Jobs using the Matlab Distributed Computing Server (MDCS) on Guillimin require 2 Matlab licenses and 2 Matlab installations: The MDCS installation/license on Guillimin (provided by us), and a licensed installation of Matlab with the Parallel Computing Toolbox on the user's desktop computer (provided by you or your institution). Matlab installations activated through McGill's Software Centre include the parallel computing toolbox. If you have installed Matlab from another source, please ensure that you have the required prerequisites. MDCS allows you to use any toolbox licenses provided they are also licensed on your desktop installation of Matlab.

IMPORTANT: Parallel Matlab on Guillimin works with versions 2012a, 2012b, 2013a, 2013b, 2014a, 2014b, 2015aSP1, 2015b and 2016b. Other version are not supported. Please, upgrade your local installation if necessary.

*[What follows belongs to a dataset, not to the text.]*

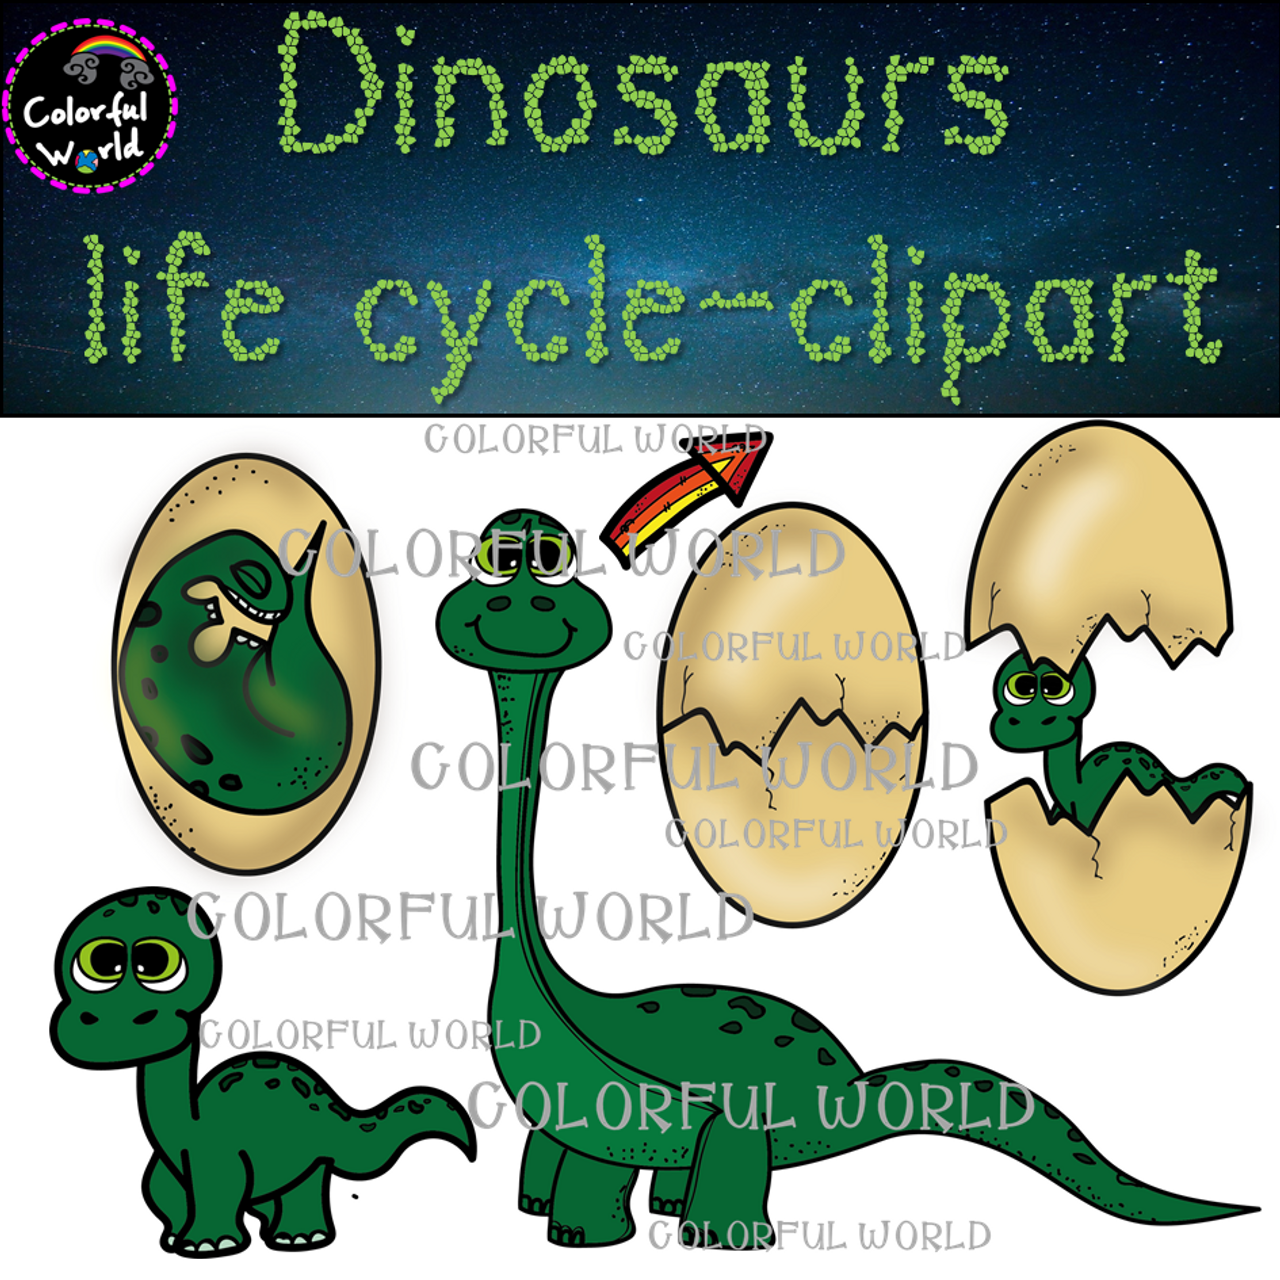 Dinosaur eggs in your backyard - Rosie Research

IMPORTANT: Please, do not try to directly launch the MDCS Matlab binaries on Guillimin - it will give you a license error. The MDCS matlab installation on Guillimin is not a standard Matlab installation, like the one on your desktop. Its role is only to "transfer" the job from your desktop/laptop, and to start it on multiple nodes of the cluster.

Setting up your parallel Matlab environment

The MDCS system accepts batch job submissions from a user's desktop computer to be scheduled and run through the Guillimin scheduler. Before submitting a job, the Matlab installed on the user's computer must be configured for submission to Guillimin.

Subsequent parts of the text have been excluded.